▶ **What you have to do**
For this exercise, output the entries below exactly from the line that holds "Un gatto bianco" to the line that holds "İsveç'de dünyanın en", both ends included. No pictures belong in the copy.

▶ **Source information**
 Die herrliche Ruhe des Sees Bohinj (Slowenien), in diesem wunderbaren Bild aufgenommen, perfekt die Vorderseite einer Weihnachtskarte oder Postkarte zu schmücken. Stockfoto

...

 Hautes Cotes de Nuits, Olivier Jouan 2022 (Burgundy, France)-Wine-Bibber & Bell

==

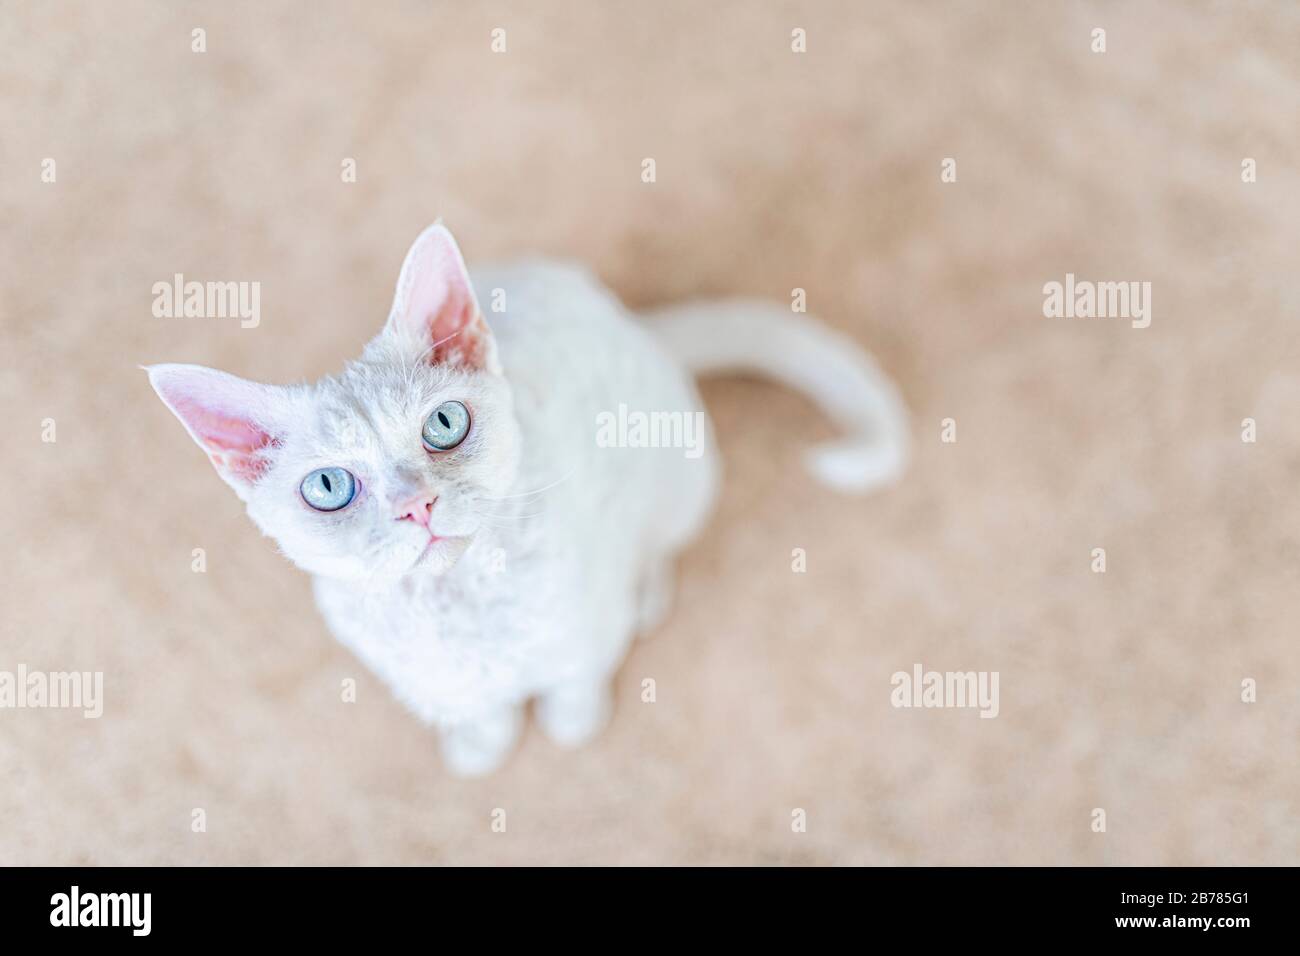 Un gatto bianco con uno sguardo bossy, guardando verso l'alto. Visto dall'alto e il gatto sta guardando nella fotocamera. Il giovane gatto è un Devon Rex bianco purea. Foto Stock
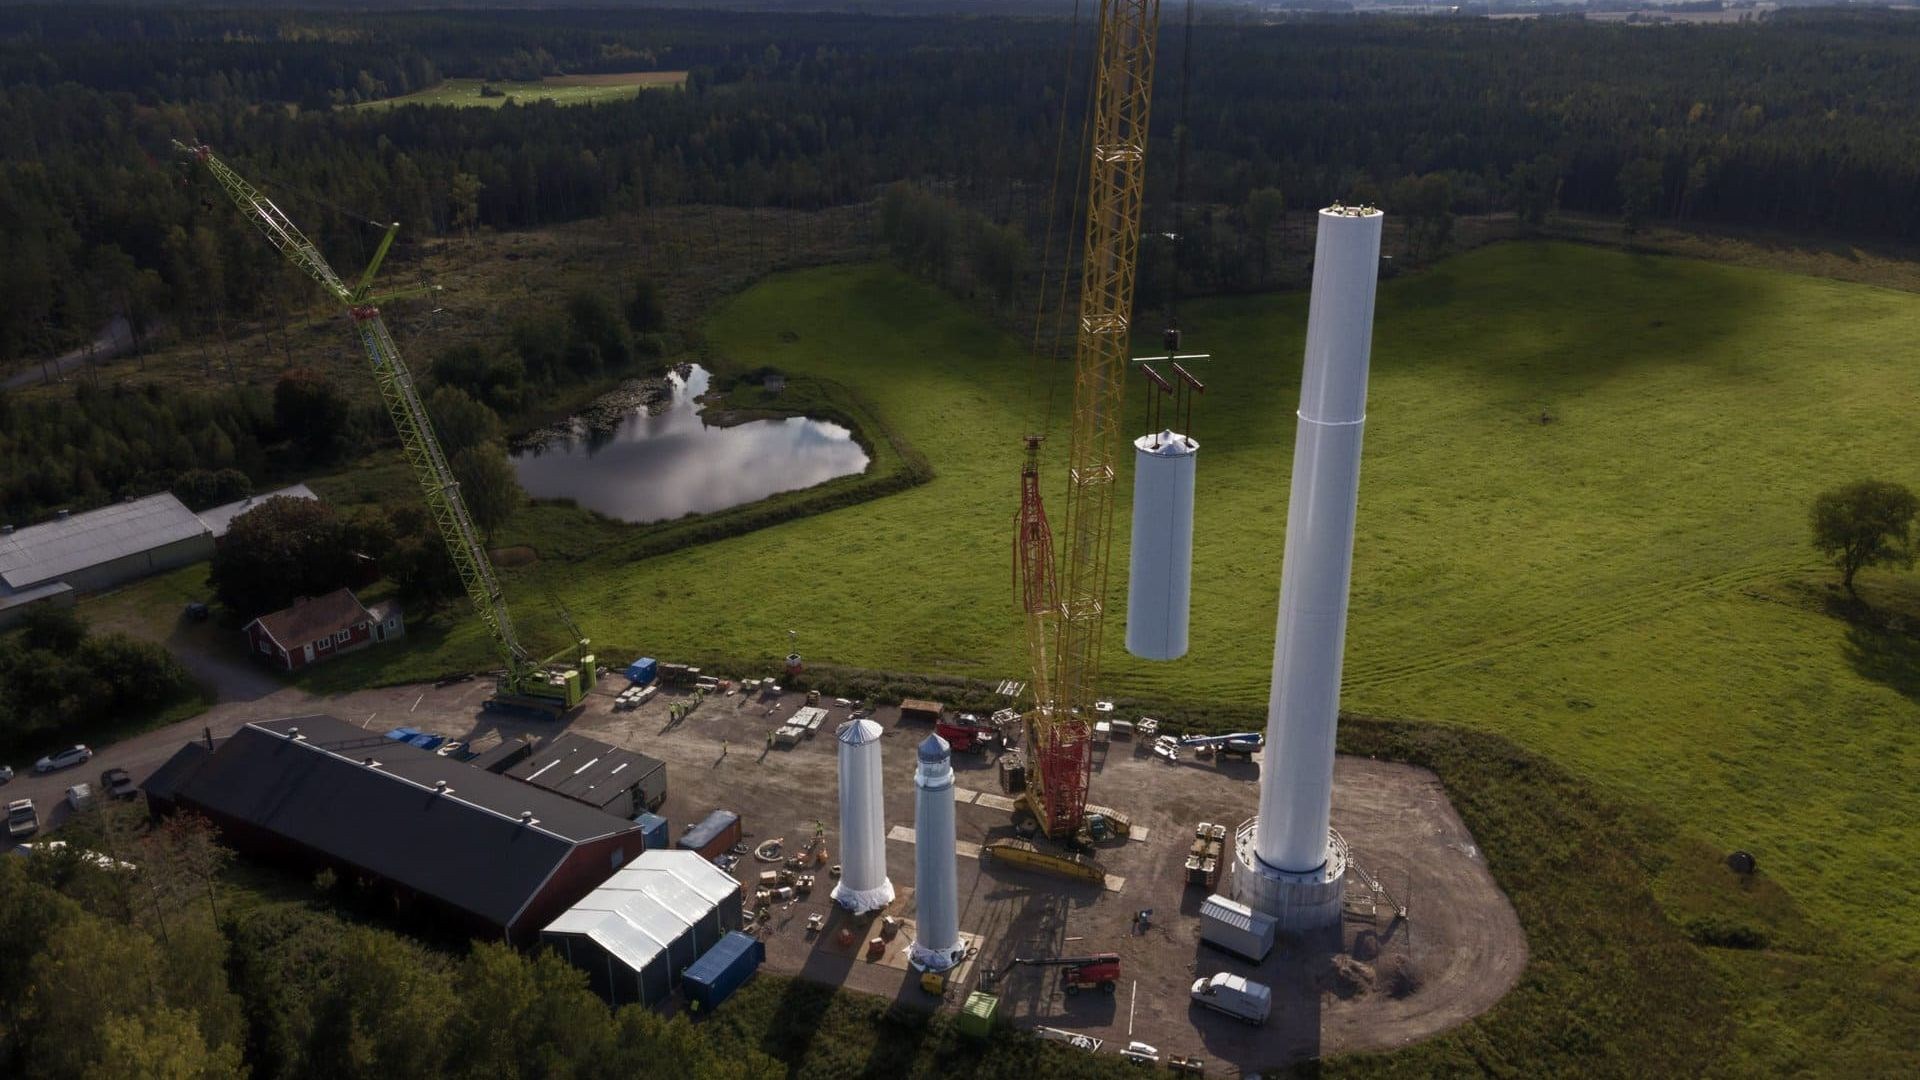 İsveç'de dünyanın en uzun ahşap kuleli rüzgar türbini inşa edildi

▶ **Expected answer**
 Un gatto bianco con uno sguardo bossy, guardando verso l'alto. Visto dall'alto e il gatto sta guardando nella fotocamera. Il giovane gatto è un Devon Rex bianco purea. Foto Stock
 İsveç'de dünyanın en uzun ahşap kuleli rüzgar türbini inşa edildi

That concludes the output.